Thanks for all the advice!  I changed over and turned some walnut and box elder to see if it was me, my tools or materials (I bought my can of BLO the same year my 14-year-old daughter was born, don't know if that stuff goes bad).  Everything shines and has that 'depth' that I expect.

Went back and turned another piece of leopardwood from the same batch, and it still looks dull and lifeless after I'm finished.  No shine, no depth.  Looking at the finish with a bright light and magnifying glass shows that the CA has a slight greyish tint and looks "dirty".  I always give my pieces a wipe with some denatured alcohol before I start in with the CA, so I don't think it's dust.  

I'm going to scrape and sand all these back to bare wood and try giving the pieces an acetone bath and put on several coats of sanding sealer before I finish them again.  I suspect that something in (or on) this batch of leopardwood is reacting with the CA.  
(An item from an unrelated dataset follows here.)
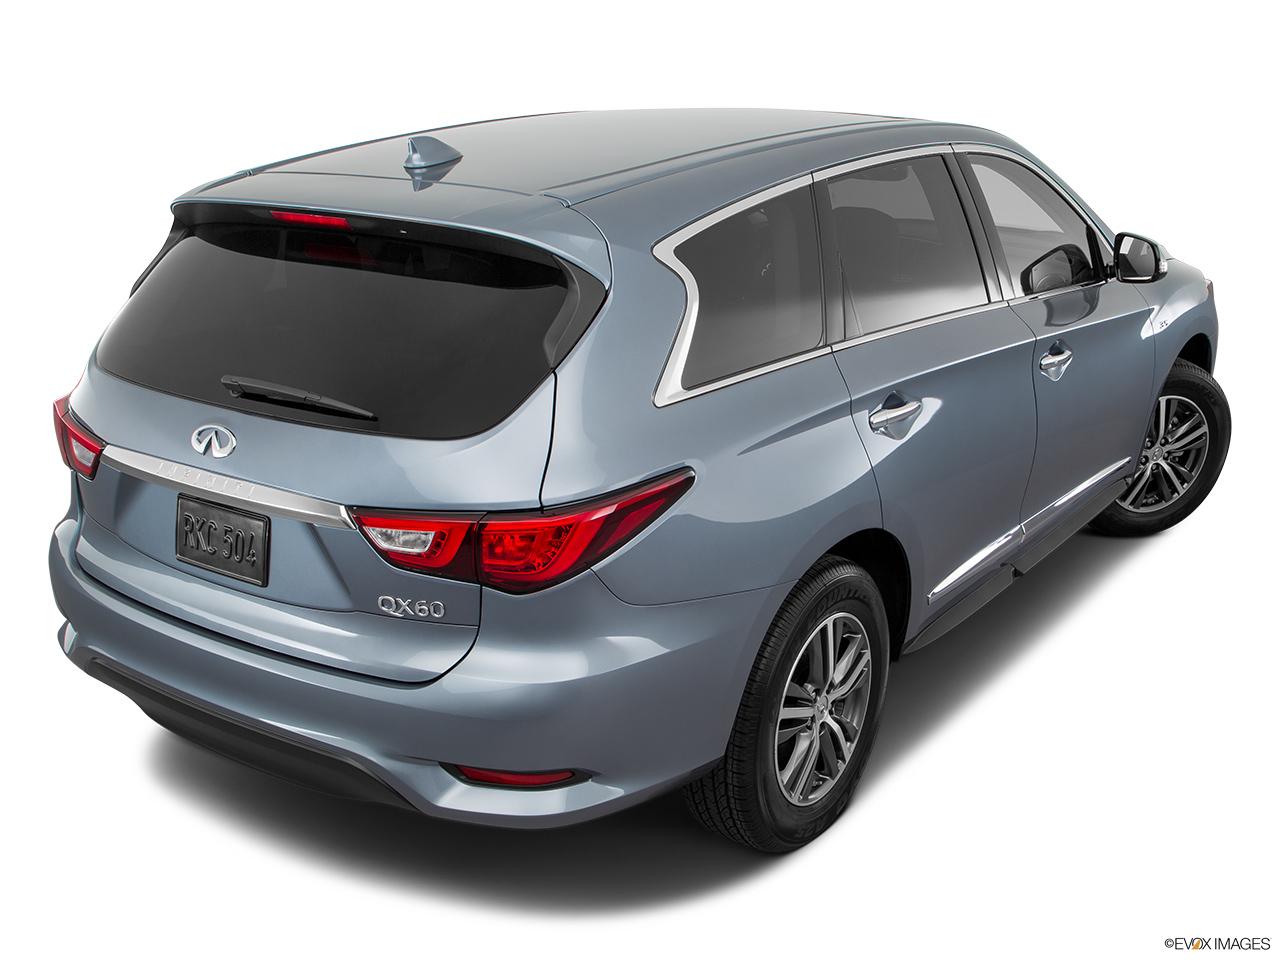 Infiniti QX60 2017 3 5L Luxury in Bahrain New Car Prices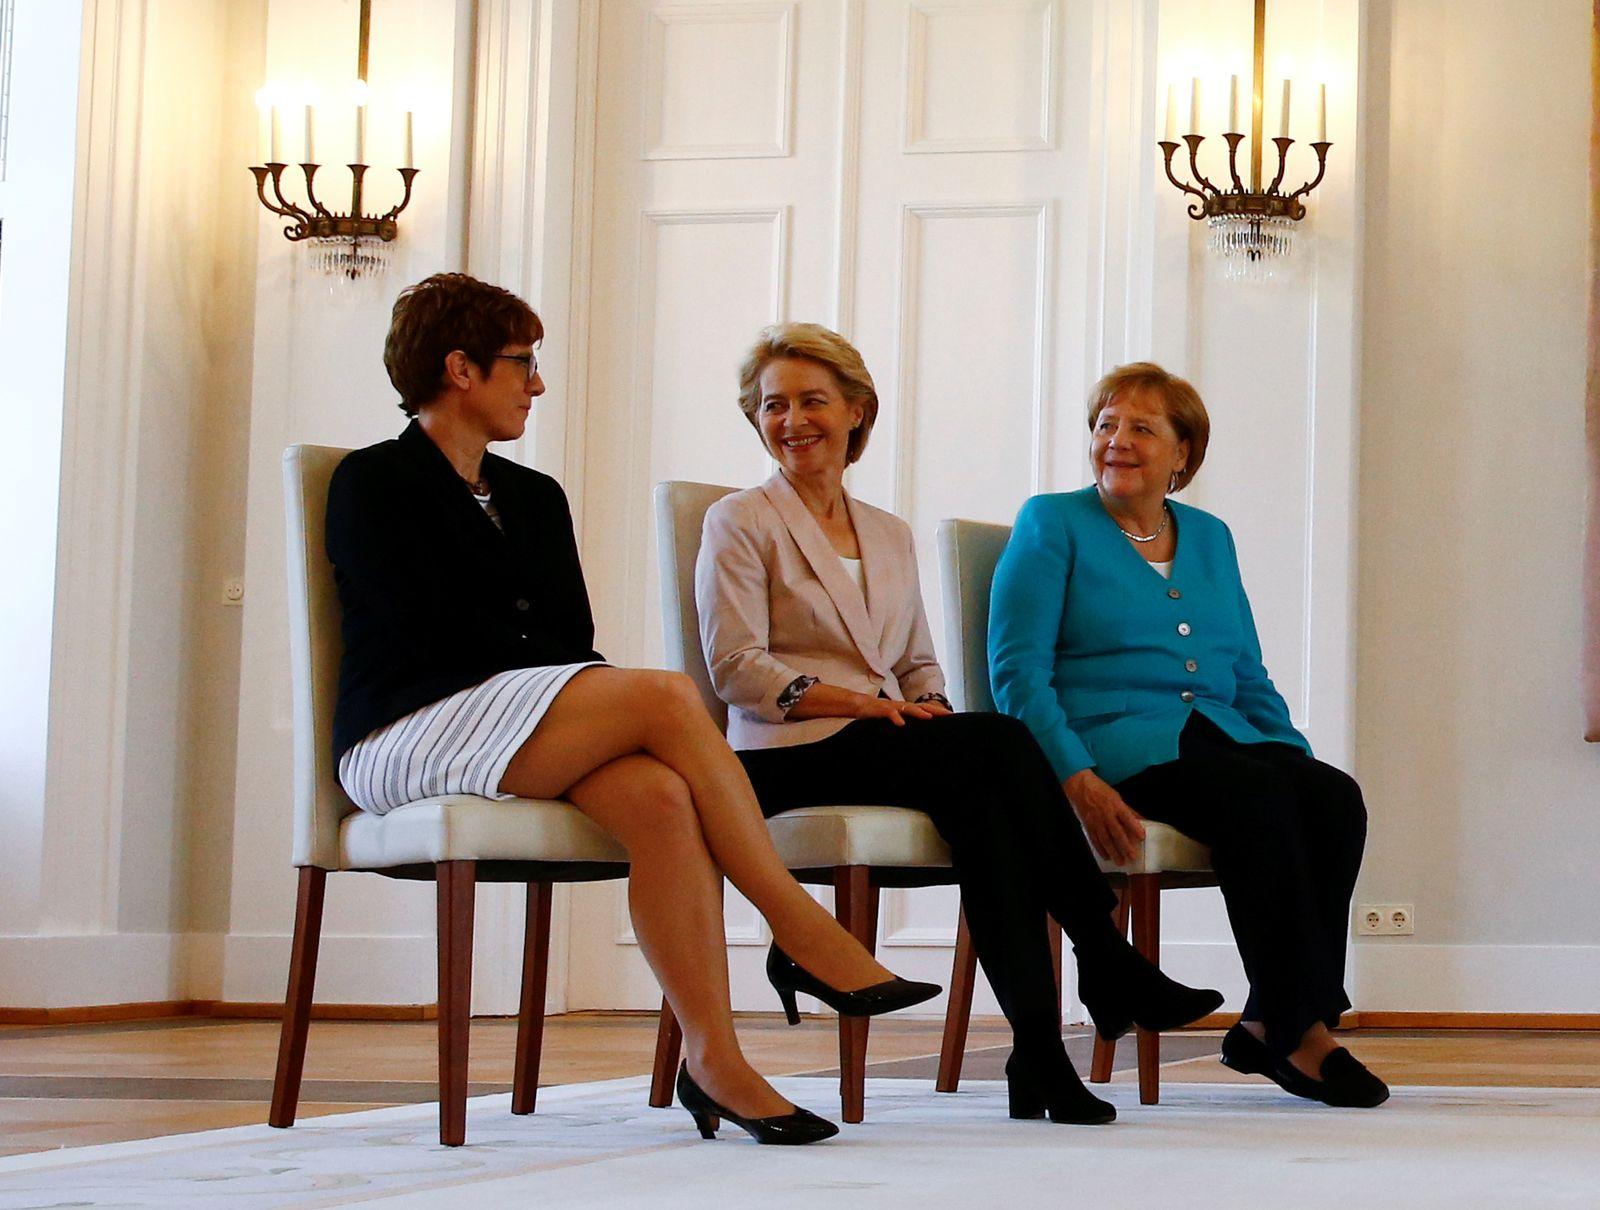 Annegret Kramp-Karrenbauer Angela Merkel Ursula von der Leyen

Thanks for all your help, guys.  I hope I can solve this mystery.  These blanks have some beautiful grain that I'd like to see all nice and shiny.


----------



## mkihne (Feb 29, 2012)

I have a leopardwood Father Sing in my hand as we speak. I made this pen 5 years or so ago. I finished through micromesh 12000 and used sanding sealer(probably not necessary on this fine grain) and used Myland's friction polish. My pen, following 5 years of fairly consistent use, still has the "satin side of high gloss" look that it was given. On many woods, probably most, my preference is to avoid the high gloss CA look(just me, likely). The grain detail is superb. Just something to try and compare.


----------